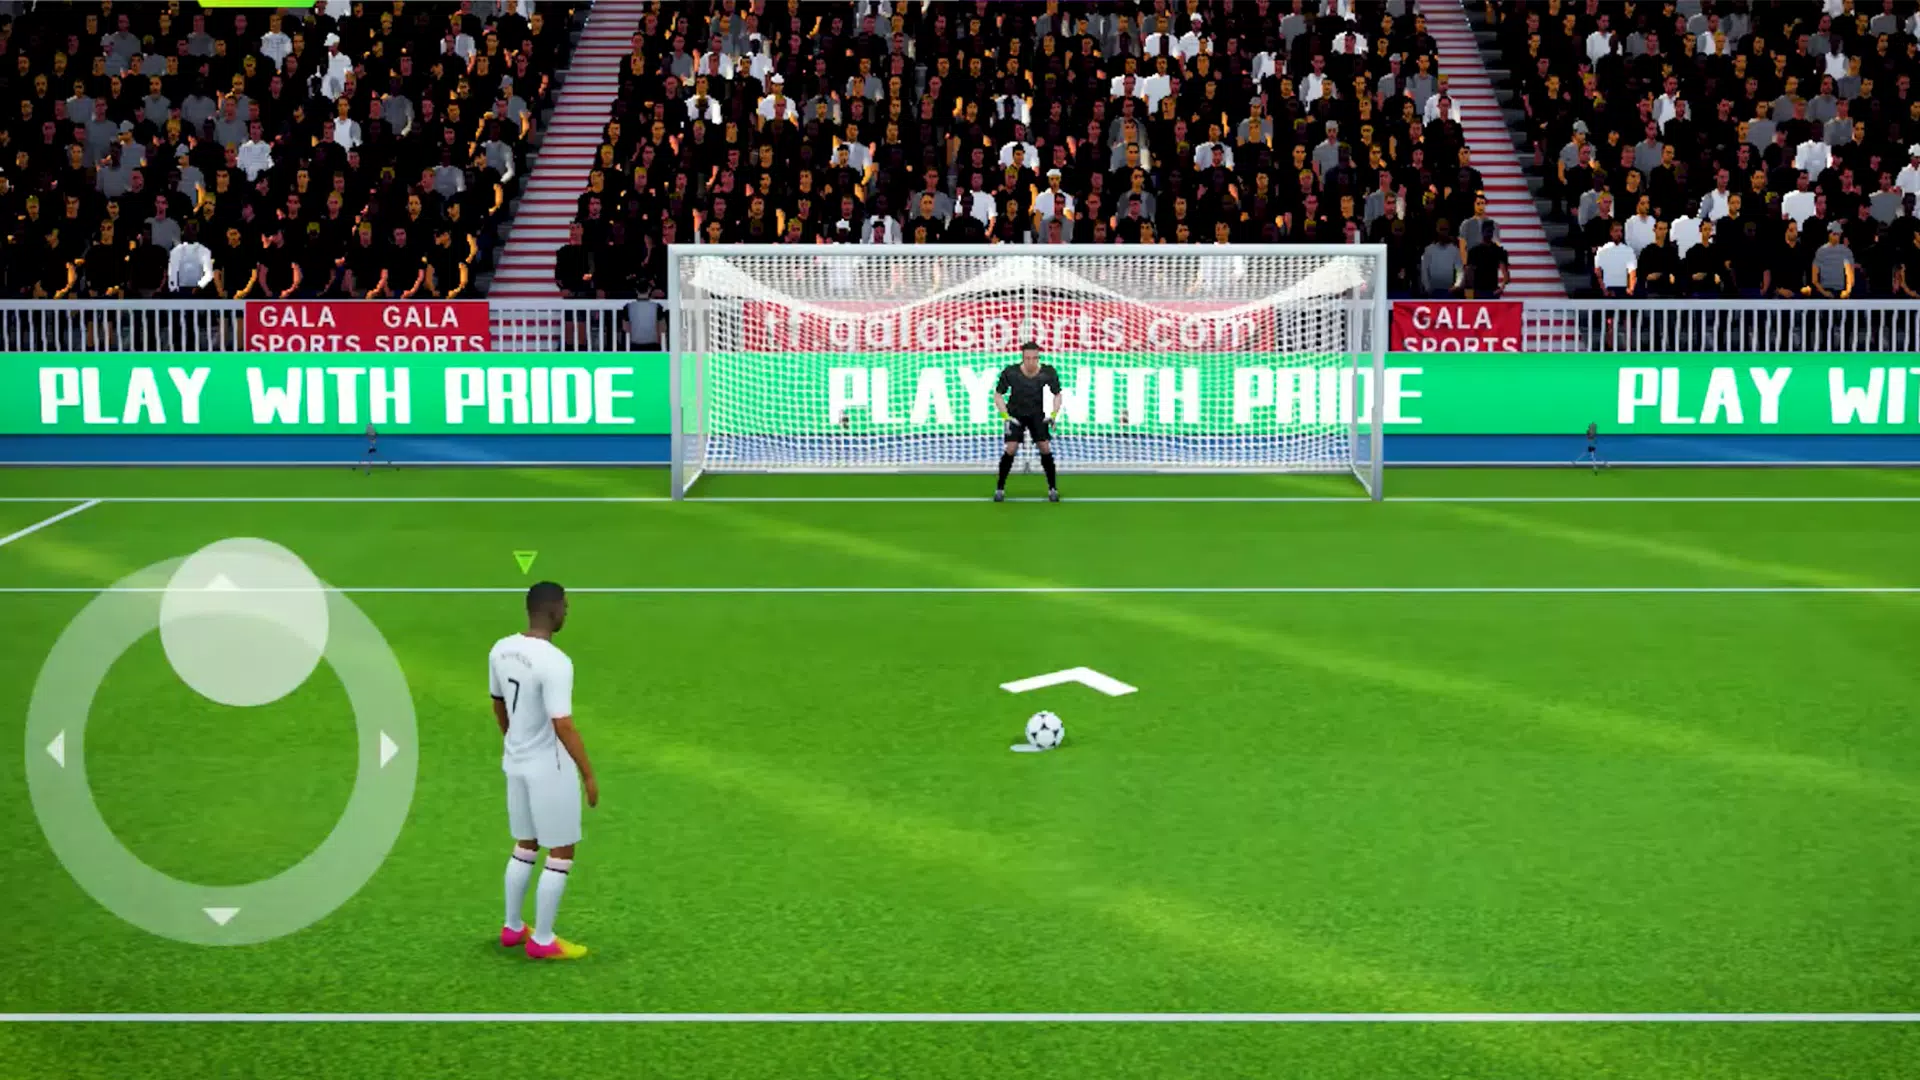 Download do APK de Football League Soccer 2023 para Android
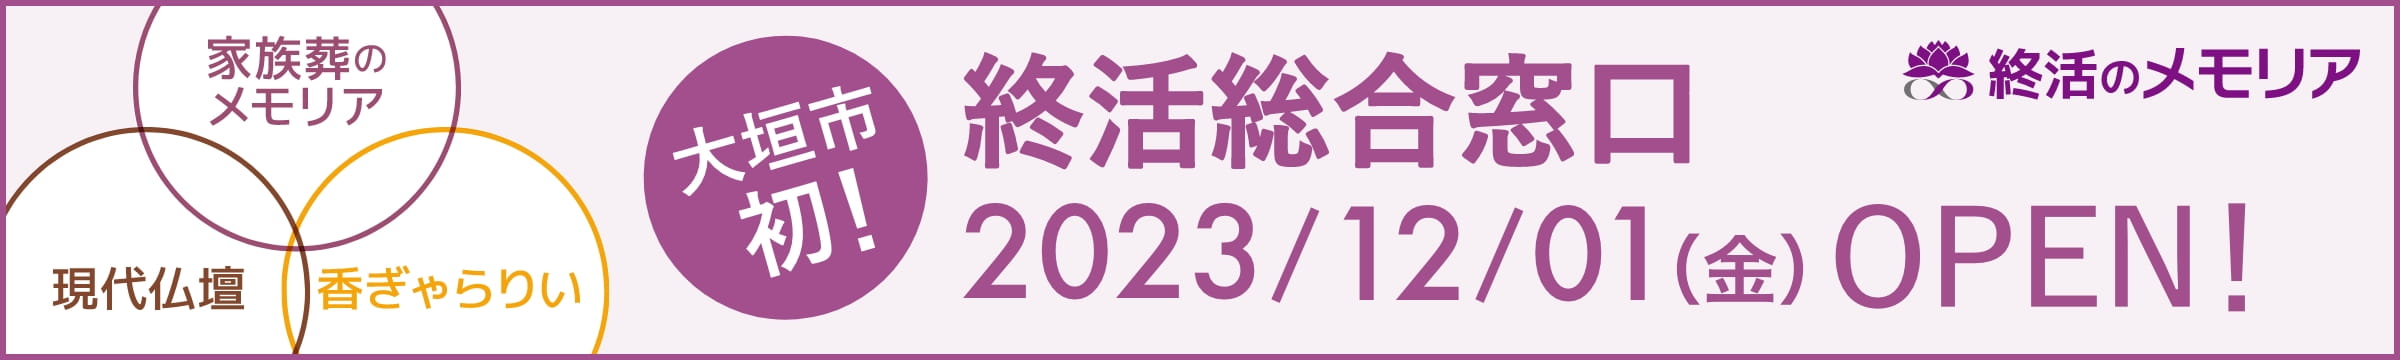 大垣市初！終活相談窓口 2023/12/01(金) OPEN!
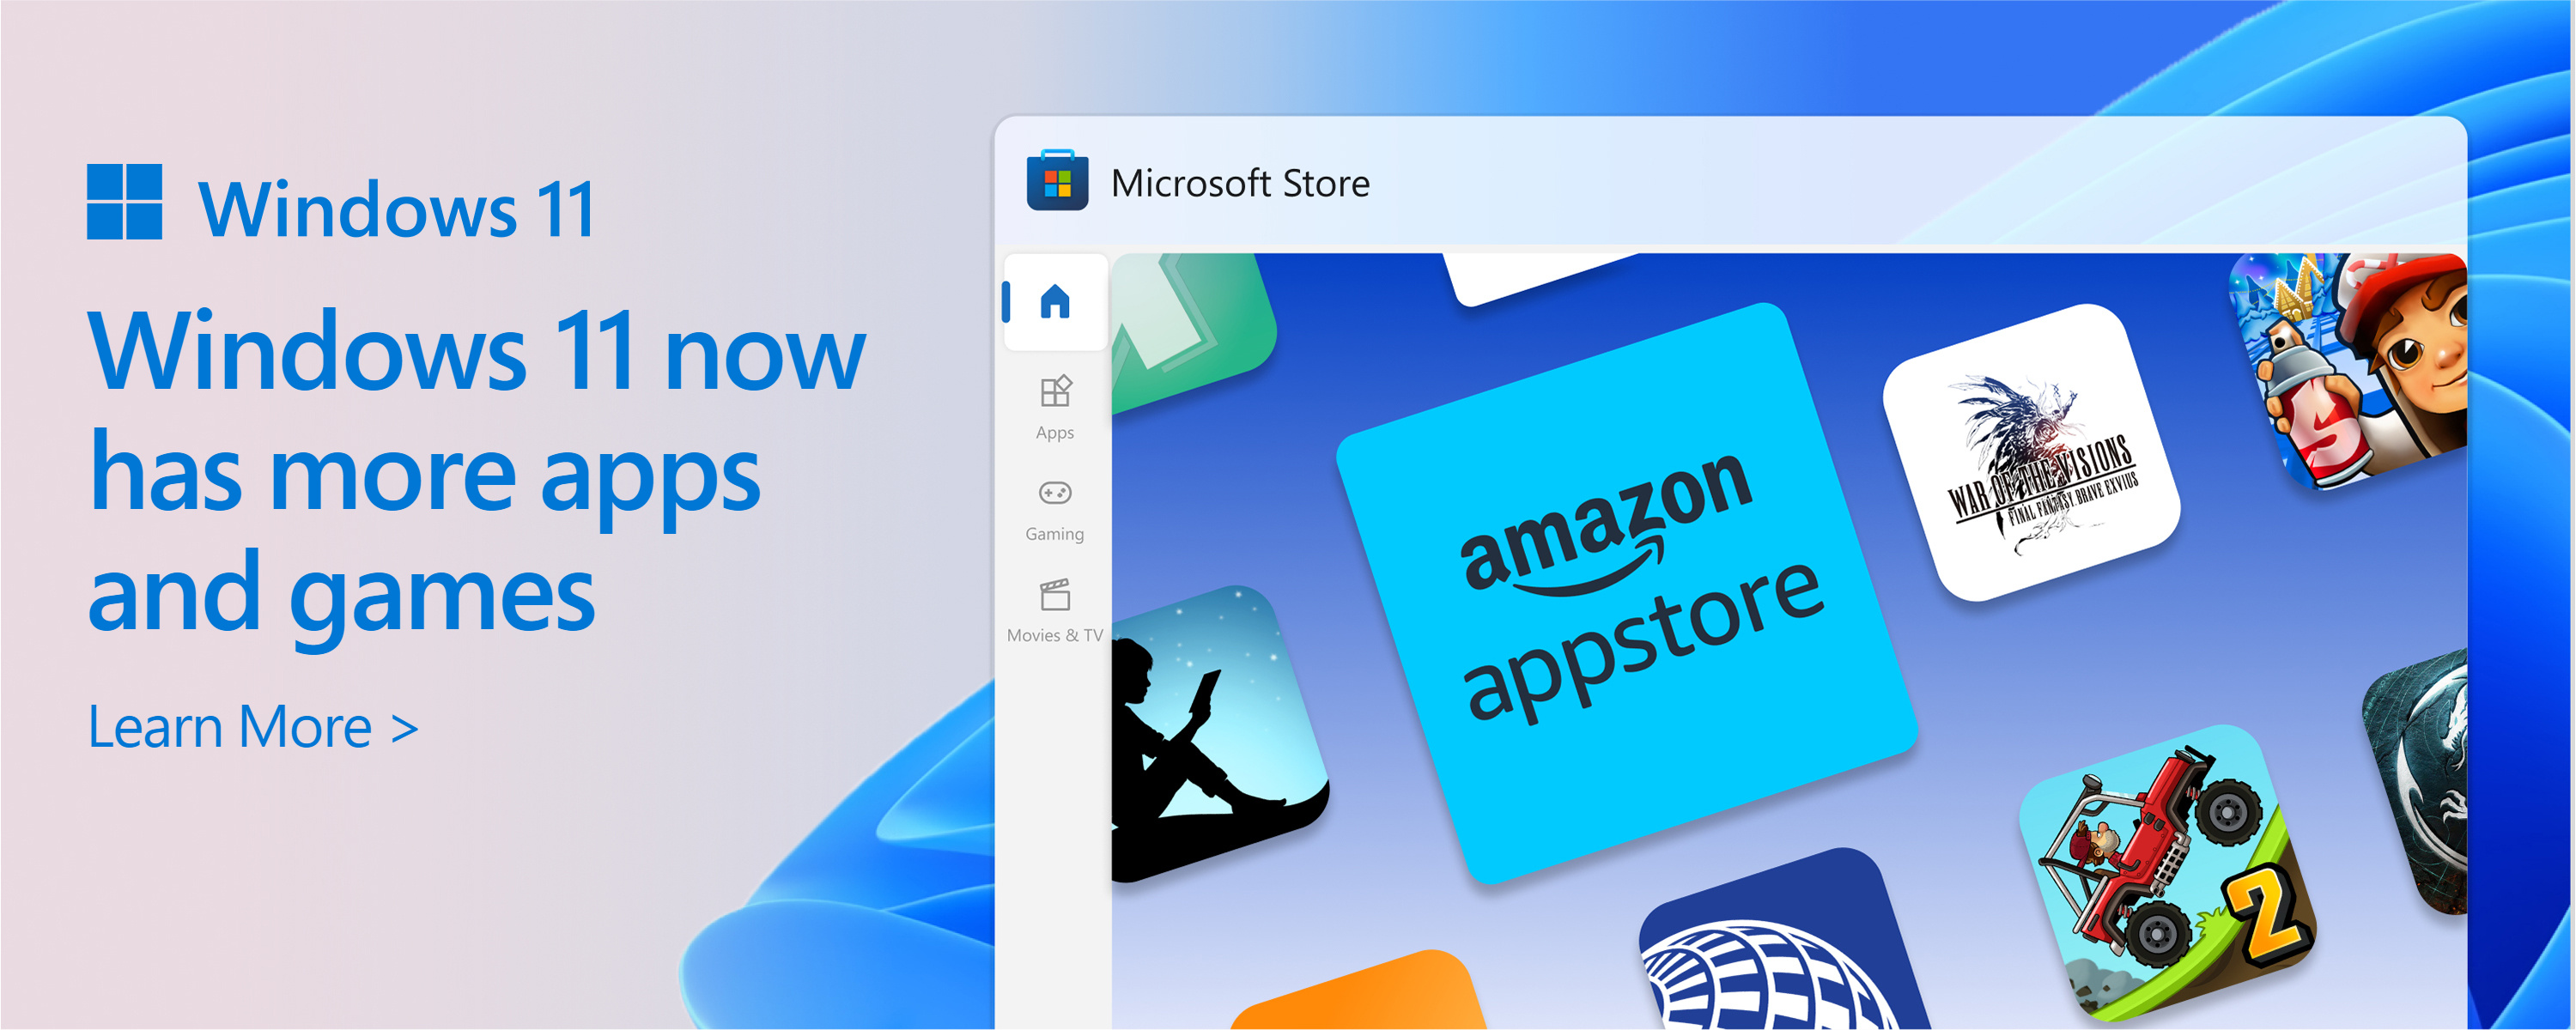 Et skjermbilde av Microsoft Store med teksten: Microsoft Stores katalog vokser. Windows 11 gir deg mer av appene og spillene du ønsker og trenger.
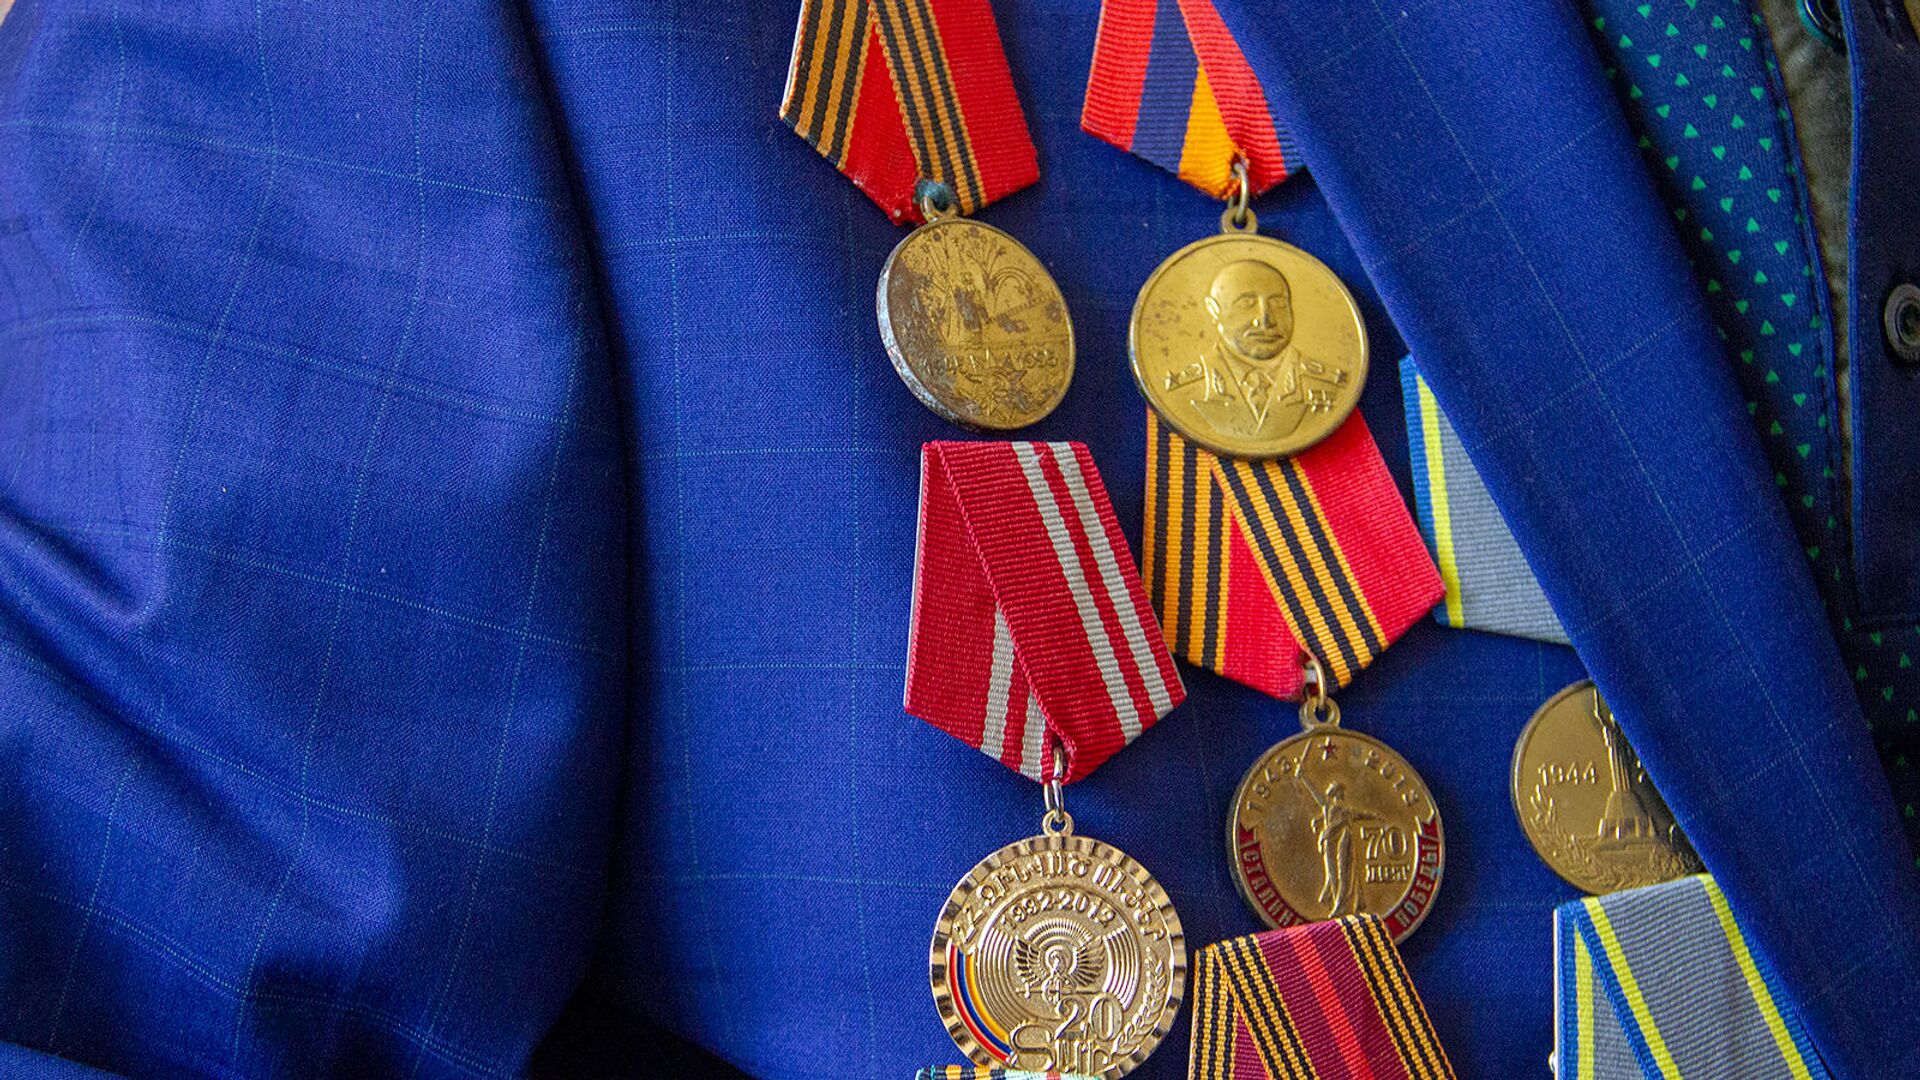 Медали ветерана Великой Отечественной войны, председатель Совета ветеранов Арташата Усика Паносяна - Sputnik Армения, 1920, 23.02.2021

--------------------

▸ **Exercise instructions**
With the pictures left out, return the listing above exactly as it stands.

▸ **Response for this exercise**
 Download do APK de Football League Soccer 2023 para Android
 大垣市初！終活相談窓口 2023/12/01(金) OPEN!
 Et skjermbilde av Microsoft Store med teksten: Microsoft Stores katalog vokser. Windows 11 gir deg mer av appene og spillene du ønsker og trenger.
 Медали ветерана Великой Отечественной войны, председатель Совета ветеранов Арташата Усика Паносяна - Sputnik Армения, 1920, 23.02.2021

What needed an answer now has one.